Add arguments to 'bash -c'

bash shell quoting arguments

56,422

Solution 1

You're interpreting the man page wrong. Firstly, the part about -- signalling the end of options is irrelevant to what you're trying to do. The -c overrides the rest of the command line from that point on, so that it's no longer going through bash's option handling at all, meaning that the -- would be passed through to the command, not handled by bash as an end of options marker.

The second mistake is that extra arguments are assigned as positional parameters to the shell process that's launched, not passed as arguments to the command. So, what you're trying to do could be done as one of:

/bin/bash -c 'echo "$0" "$1"' foo bar
/bin/bash -c 'echo "$@"' bash foo bar

In the first case, passing echo the parameters $0 and $1 explicitly, and in the second case, using "$@" to expand as normal as "all positional parameters except $0". Note that in that case we have to pass something to be used as $0 as well; I've chosen "bash" since that's what $0 would normally be, but anything else would work.

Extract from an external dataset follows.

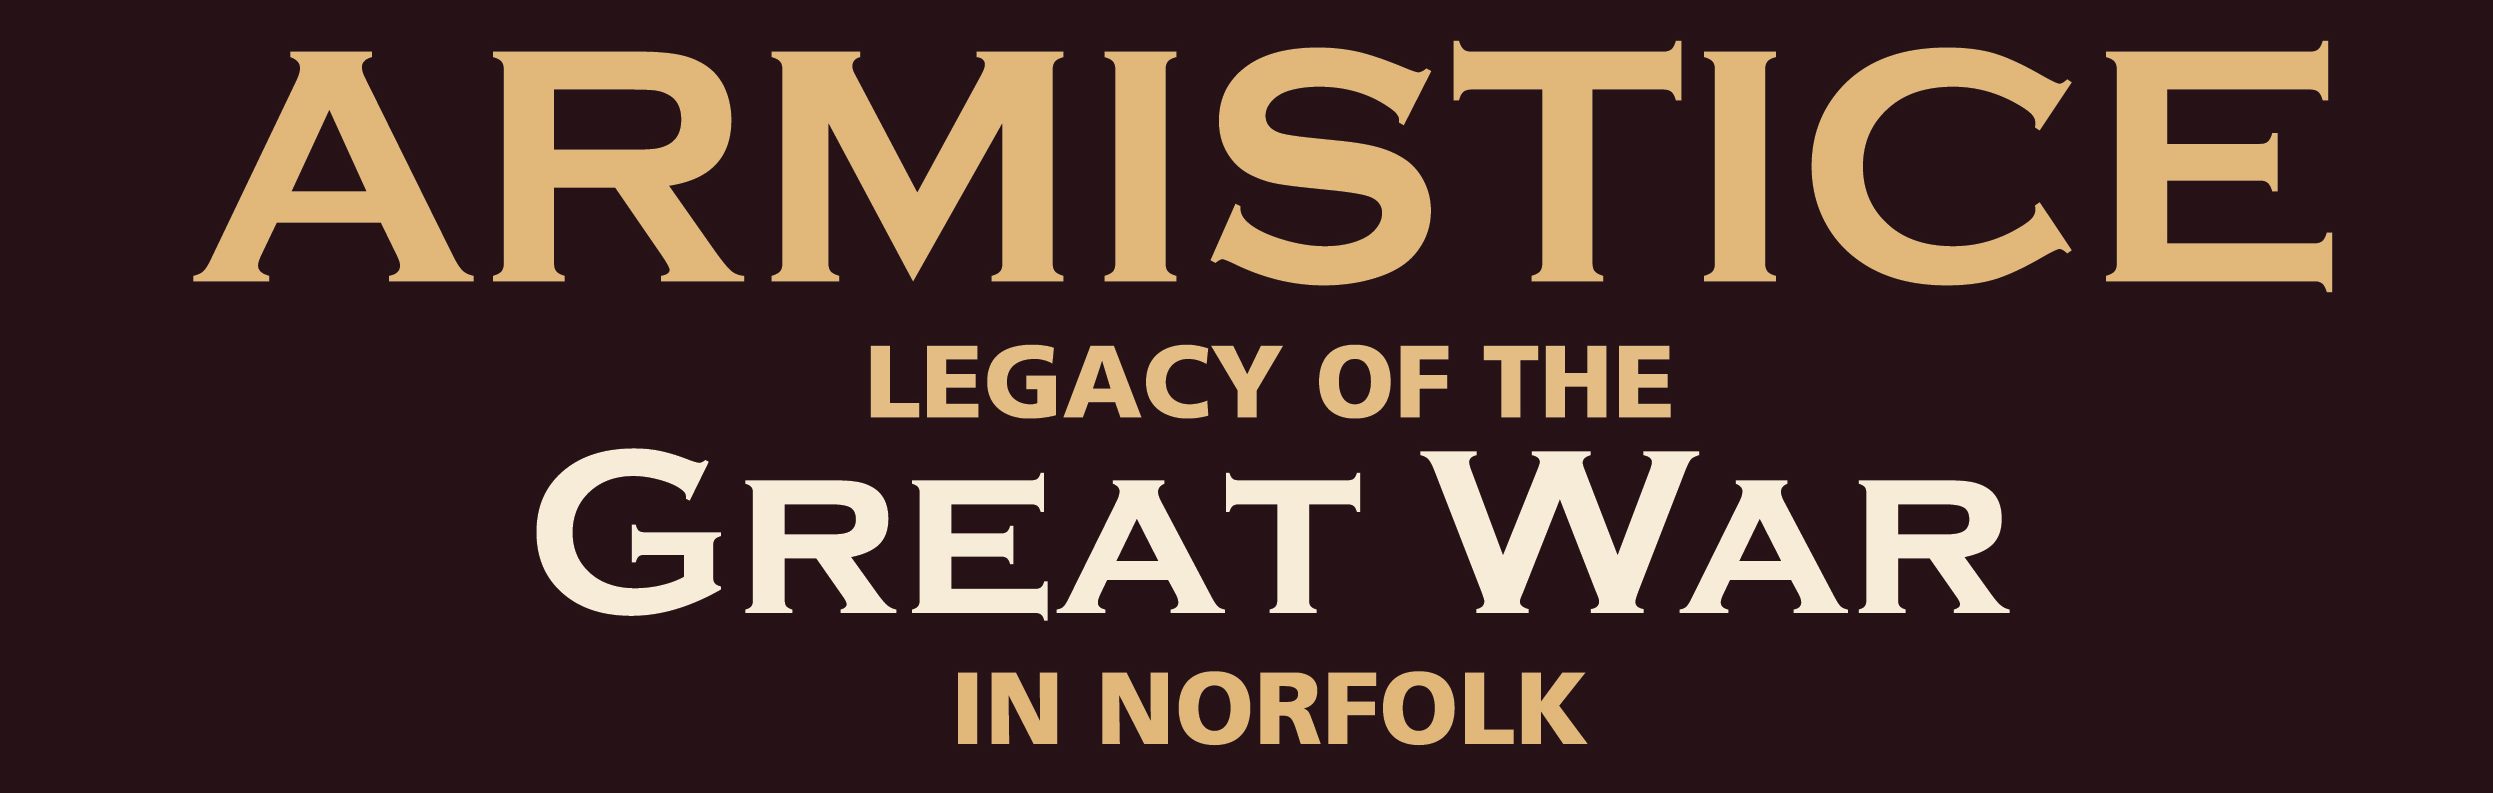 Armistice: Legacy of the Great War in Norfolk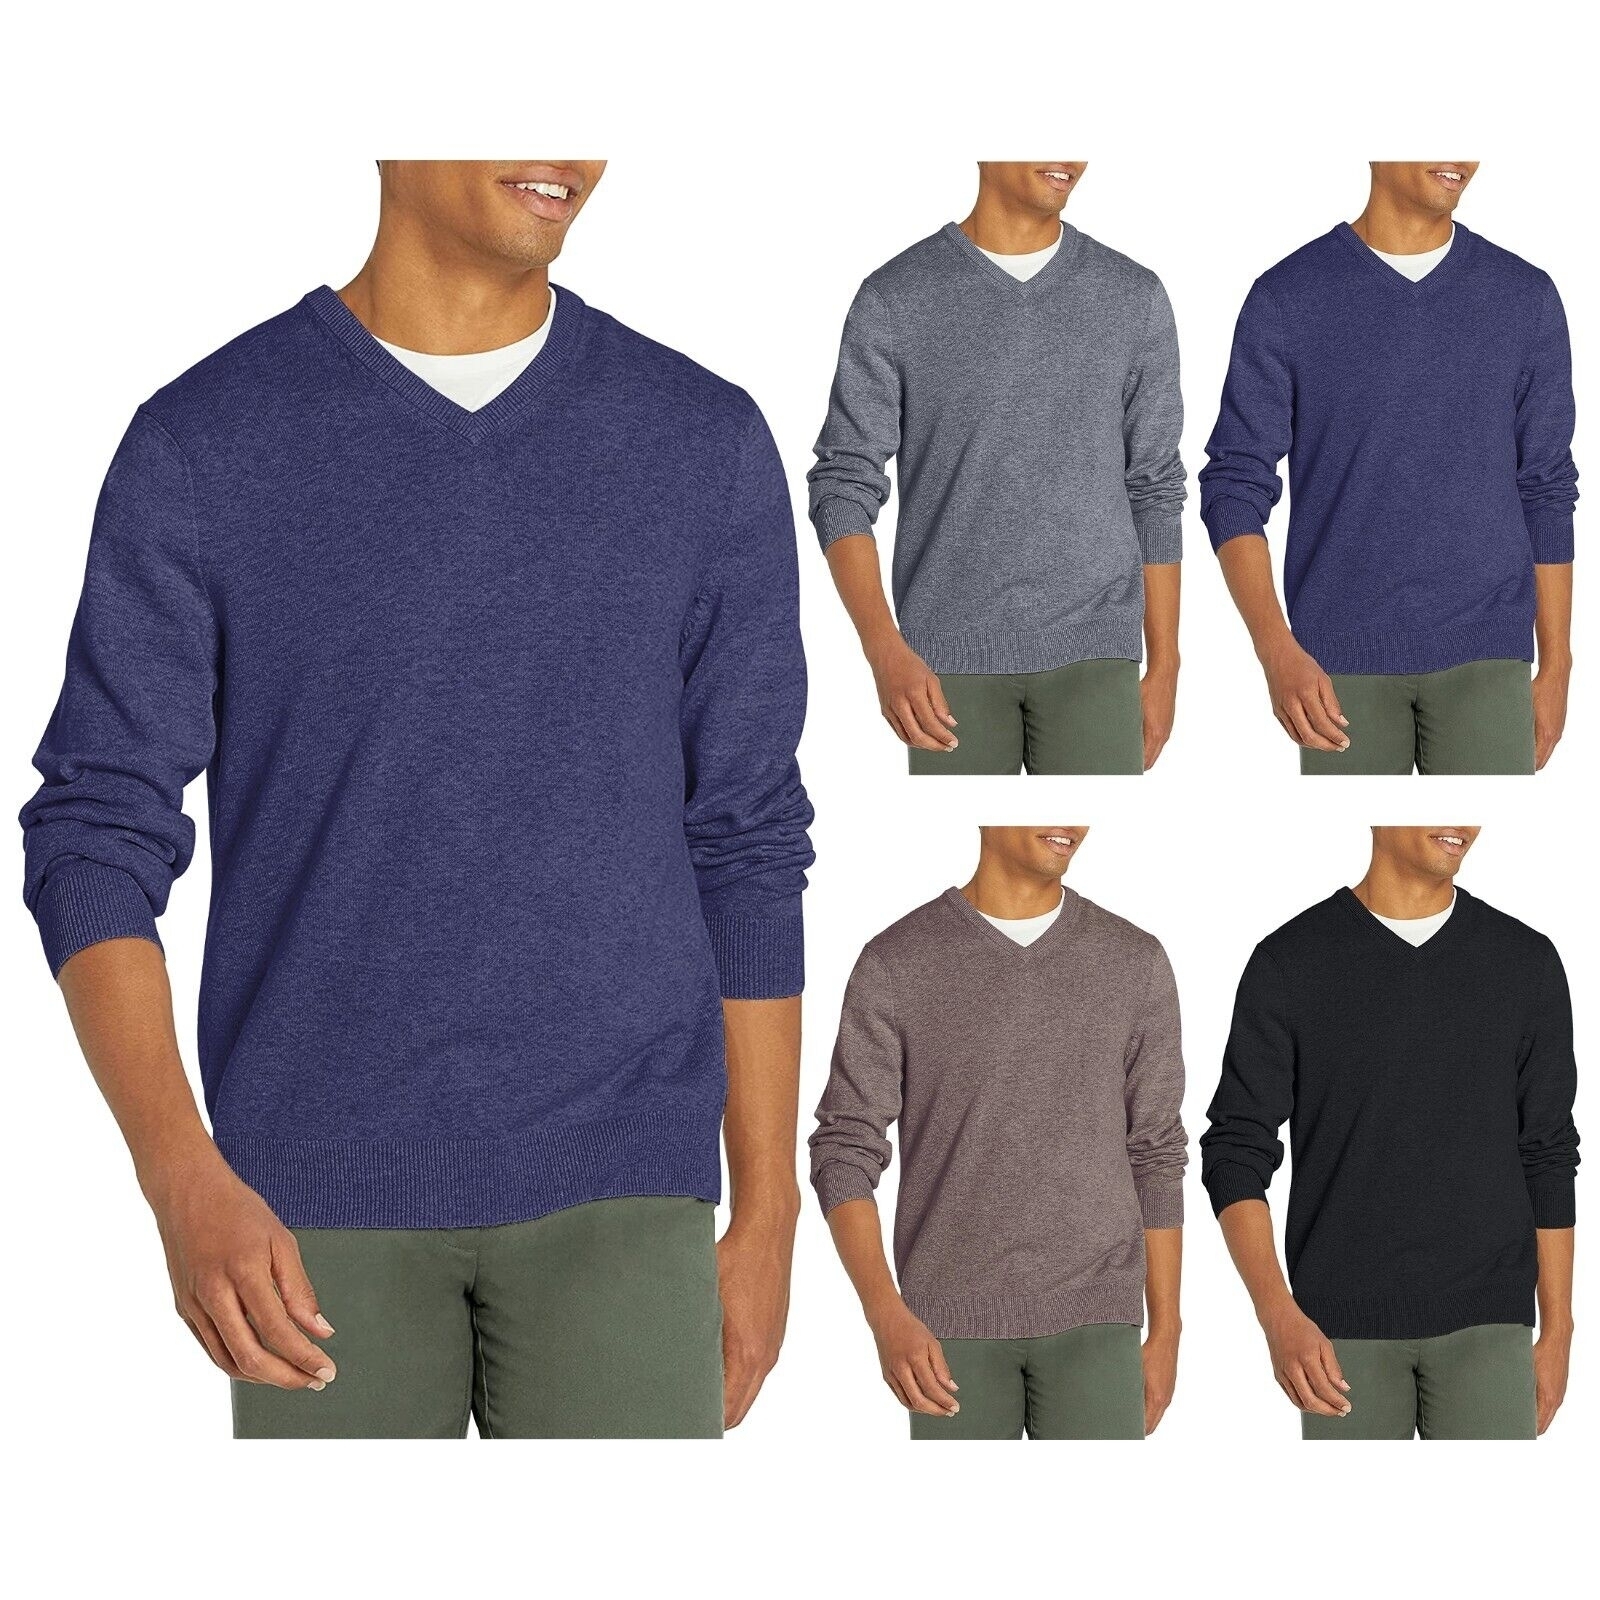 Multi-Pack Mens Cozy Comfy Ultra Soft Slim Fit Warm Knit Pullover V-Neck Sweater - 2, Small

As for the reason it's done this way, instead of just passing any arguments you give directly to the command you list: note that the documentation says "commands are read from string", plural. In other words, this scheme allows you to do:

/bin/bash -c 'mkdir "$1"; cd "$1"; touch "$2"' bash dir file

But, note that a better way to meet your original goal might be to use env rather than bash:

/usr/bin/env -- "ls" "-l"

If you don't need any of the features that a shell is providing, there's no reason to use it - using env in this case will be faster, simpler, and less typing. And you don't have to think as hard to make sure it will safely handle filenames containing shell metacharacters or whitespace.

Solution 2

I’m not sure what your objective is, but if you’re simply trying to build a Rube Goldberg machine – “a contraption, invention, device or apparatus that is deliberately over-engineered or overdone to perform a very simple task in a very complicated fashion” – then try

sh -c 'ls $0' -l

sh -c 'ls $1' supercalifragilisticexpialidocious -l

or even

sh -c 'ls -$0' l

You should be able to understand how these work from godlygeek’s answer. As Derek Mahar commented, it’s important to emphasize that the script argument (the command string after -c) must be enclosed with single quotes and not double quotes. Otherwise the parent shell (in which you type the above command lines) would resolve any positional parameters in the script argument in the context of the parent shell. For example,

$ set -- The quick brown fox
$ sh -c 'echo "$0" "$1"' foo bar baz
foo bar
$ sh -c "echo '$0' '$1'" foo bar baz
bash The

56,422

Slartibartfast

Updated on September 18, 2022

Comments

Slartibartfast almost 2 years
Let's say that I want to run a command through Bash like this:
```
/bin/bash -c "ls -l"
```
According to Bash man page, I could also run it like this:
```
#               don't process arguments after this one
#               |   pass all unprocessed arguments to command
#               |   |
#               V   V
/bin/bash -c ls -- -l
```
except it doesn't seem to work (it seems ignored). Am I doing something wrong, or am I interpreting man page wrong?

Relevant quotes from man:

If the -c option is present, then commands are read from string. If there are arguments after the string, they are assigned to the positional parameters, starting with $0.

and

A -- signals the end of options and disables further option processing. Any arguments after the -- are treated as filenames and arguments.
Derek Mahar about 4 years

I think it's worthwhile to emphasize that you surrounded the script argument with single quotes and not double quotes, otherwise the shell in which you run /bin/bash would resolve any positional parameters in the script argument in the context of the active shell. For example, /bin/bash -c "echo '$0' '$1'" foo bar results in bash instead of foo bar.